Ten athletes — victims of unimaginable hardship, forced to leave their homes in South Sudan, Congo, Ethiopia and Syria — united under a single flag.
IOC President Thomas Bach called them "a symbol of hope" in a time of crisis. The Human Rights Watch claimed their involvement had "reframed the debate."
A year on from Rio 2016, how have the lives of the members of the Olympic Refugee Team changed?
Yiech Pur Biel: South Sudan, 800m
Yiech Pur Biel only remembers crying twice in his life: when he was separated from his mother as a child during the devastating Sudanese civil war and, many years later, when he found out he'd be running the 800m at the 2016 Rio Olympics.
One year on: He might not have qualified from his heat, finishing in 1:54.67, but Pur Biel's life has changed forever.
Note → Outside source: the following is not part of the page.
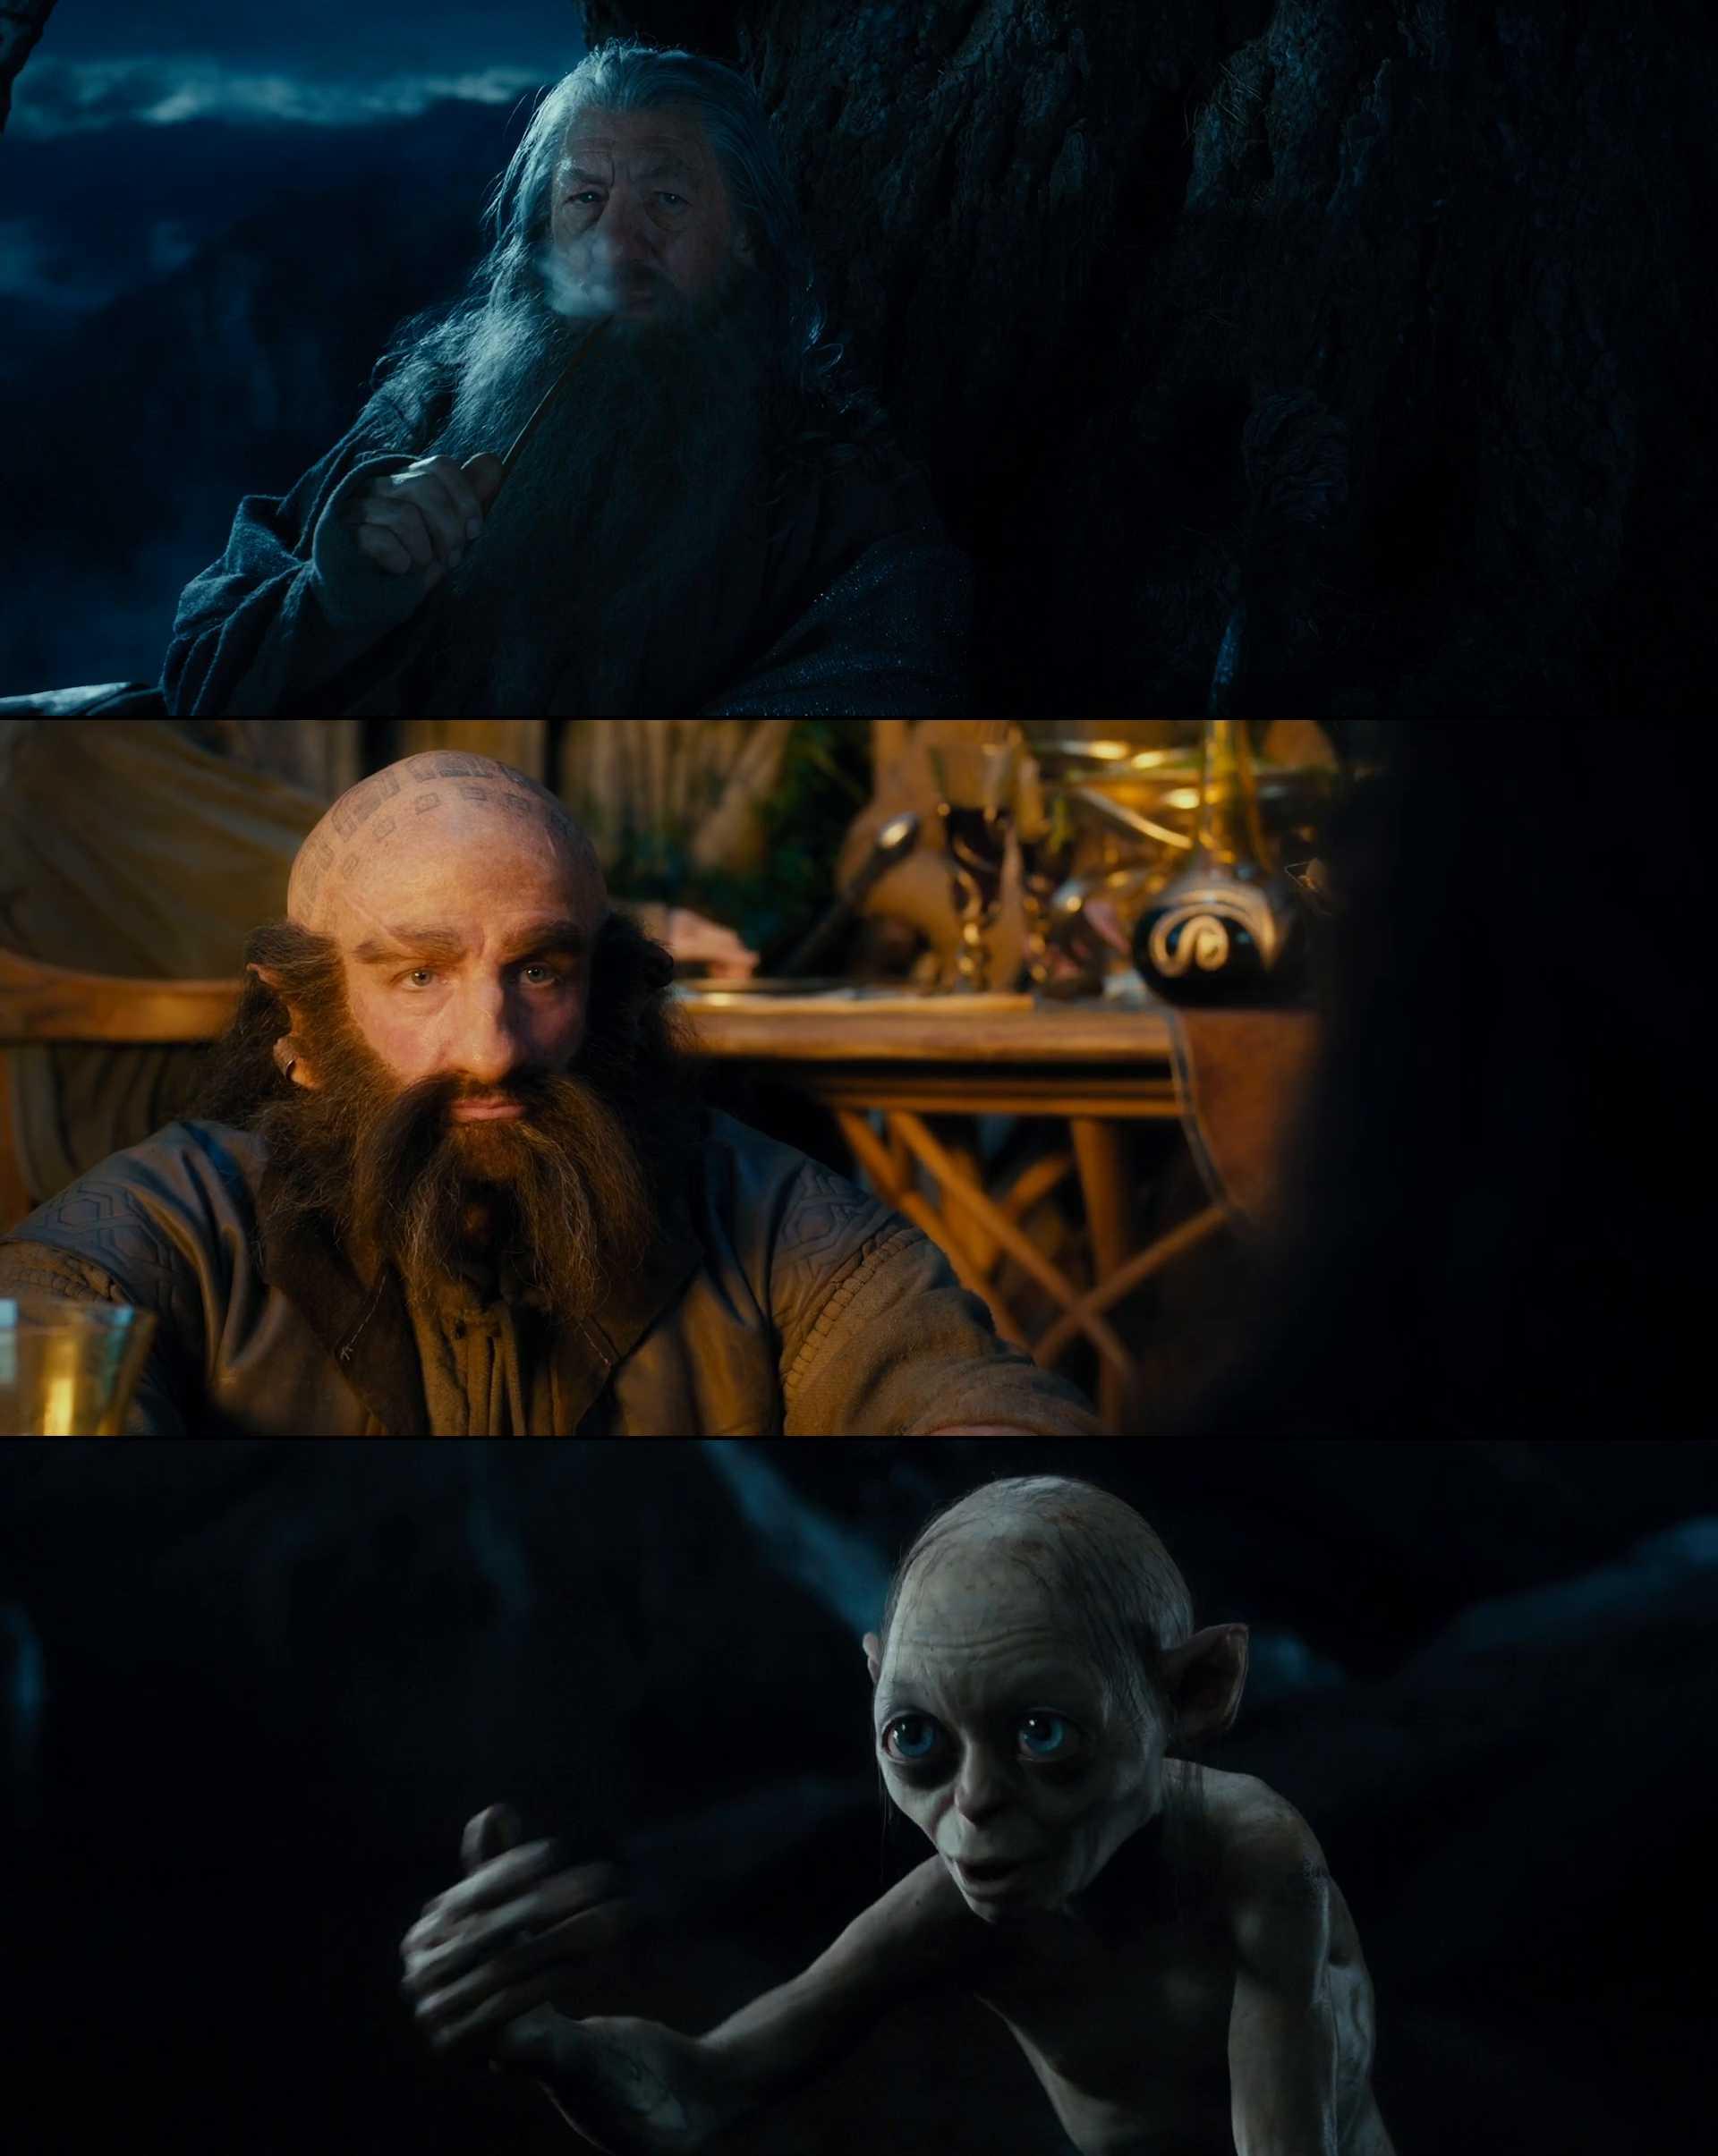 Screenshot of The Hobbit: An Unexpected Journey

Just months before the Games began, the 22-year-old was still training barefoot in the vicinity of the Kakuma refugee camp in Kenya.
But he has now traveled the world, attended the first UN Summit for Refugees and Migrants, and met a number of world leaders, including former American President Barack Obama and Pope Francis.
Yet his most cherished moment has been a telephone call from his mother.
"My family never believed I was alive," Pur Biel tells CNN, explaining that someone from his hometown of Nasir had heard about his Rio exploits and took his mother to an aid agency to make the call.
"I was happy to talk to them; [now] I want to meet my mother face-to-face, as well as my brother and sister.
"I have a big refugee family, but I also have my real family which needs my care."
The runner's mother didn't know what the Olympics were, but understood her son had gone "somewhere far away" and would come back safely.
Pur Biel is now training for Tokyo 2020, alongside studying for a diploma in public relations — something he "never thought possible."
He has also met his idol, double Olympic champion David Rudisha, telling the Kenyan he hopes to break his 800m world record.
Yusra Mardini: Syria, Swimming
The tale of Yusra Mardini, Syria's teenage swimmer who won her Olympic 100m butterfly heat just a year after swimming for her life, captivated the world.
Her house in Aleppo was bombed, the motor on the dinghy transporting her from Turkey to Greece stopped working, but she never lost hope.
Together with her sister, Sarah, Mardini pushed the boat for three hours through the Aegan sea toward Greek shores, potentially saving the lives of the 18 other migrants on board.
She might not have made the semifinals in Rio, but insisted "the only thing I wanted was to compete."
One year on: Mardini is fighting new battles, shedding light on the millions displaced around the world and reclaiming the word 'refugee' as a goodwill ambassador for the United Nations Refugee Agency (UNHCR).
Named by People magazine as one of '25 women changing the world,' the swimmer is in the process of penning an autobiography, with the story of her life also set to be told in a film by the award-winning director Stephen Daldry.
Mardini competed in the FINA World Aquatic Championships this July, returning to Hungary just two years after sleeping rough in a Budapest train station en route from Syria to Germany.
She is currently living in Berlin, preparing for Tokyo 2020.
Popole Misenga: Democratic Republic of Congo, Judo
Having grown up amid the five-year civil war in the Democratic Republic of Congo, judoka Popole Misenga sought asylum — without a passport, money or food — in Brazil after the 2013 World Championships in Rio. Three years later, he competed at the Olympics in the same city.
"My fight in the Olympics will be for all refugees, to give them faith in their dreams," Misenga told CNN last year, before going on to reach the last 16 of the men's 90kg division, losing to world No. 1 Gwak Dong-Han of South Korea in the final minute of his bout.
One year on: Misenga has been granted asylum in Brazil, married a local and become a father.
He says Rio is a "magical place" to live and, for the first time since childhood, he has been reunited with many of his relatives, screaming "I'm alive! I'm alive!" into his phone during a call with his brother.
Rose Nathike Lokonyen: South Sudan, 800m
Thirteen years after running from soldiers in Chukudum, South Sudan, Rose Nathike Lokonyen became the Refugee Olympic Team's first flagbearer. She then went on to compete against some of the world's finest middle-distance athletes, finishing seventh out of nine in her 800m heat in 2:16.64.